Cancer Drug Shown to Help Infertile Women Get Pregnant

A study published in the New England Journal of Medicine says one of the most common drugs used to treat breast cancer has an unexpected positive side effect.  Newsradio 1200 WOAI reports that Femara has been shown to be effective in helping infertile women get pregnant.

  Dr. Gregory Neal, a fertility specialists with the Fertility Center of San Antonio, says the drug, which is in a category of anti cancer drugs known as aromatase inhibitors, blocks the female hormone Estrogen, which is seen as the best way of starving breast cancer of the fuel that makes it spread.

  But he says the action in blocking the Estrogen has another side effect in women who are suffering from the common type of infertility known as polycystic ovarian syndrome.

  "That will cause your body to think there is a low Estrogen state, and say, oh, we're not making an egg this month because the Estrogen is low," he said. "So your body relases extra hormones to produce eggs inside fluid sacs called follicles."

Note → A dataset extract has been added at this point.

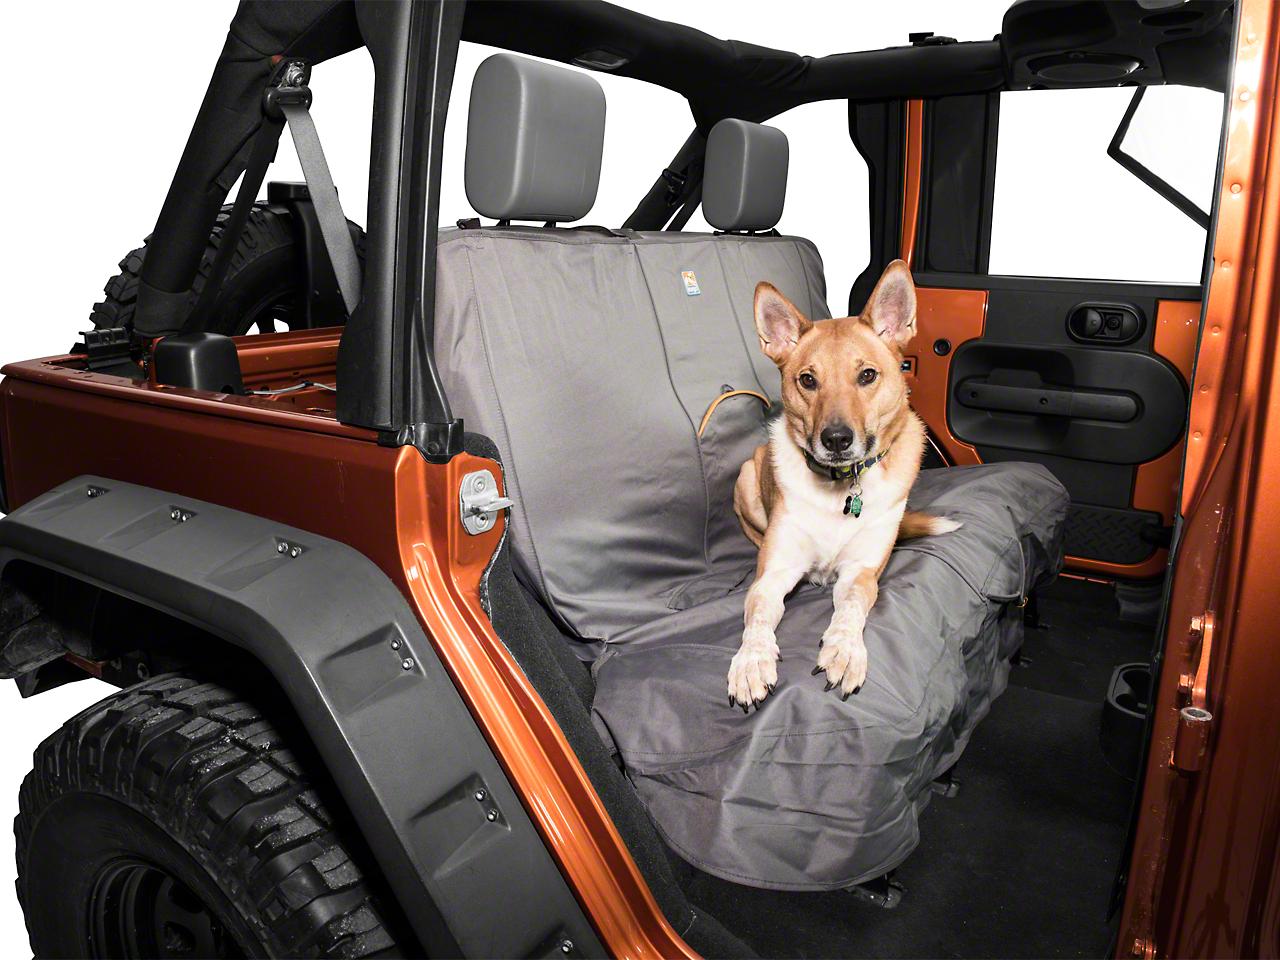 Kurgo Wander Rear Bench Seat Cover - Charcoal (87-18 Wrangler YJ, TJ & JK)

  Dr. Neal says the use of Femara has been shown to be much for effective than Clomid, which is currently the standard for fertility treatment.

  "The new medication, Femara, showed improved ovulation, and higher pregnancy and life birth rates as compared to our traditional treatment of Clomid," Dr. Neal said.

  The study, which involved 750 women with polycystic ovary syndrome, showed nearly 28% of the women who were on Femara had a successful live birth, compared with only 19% in the Clomid-treated group.

  And, Dr. Neal says the use of the cancer drug as another pleasant side effect.

  "The multiple birth rate is lower with Femara than it is with Clomid."

  He says women who come to him want one healthy baby, not triplets, which is often the case in fertility treatment.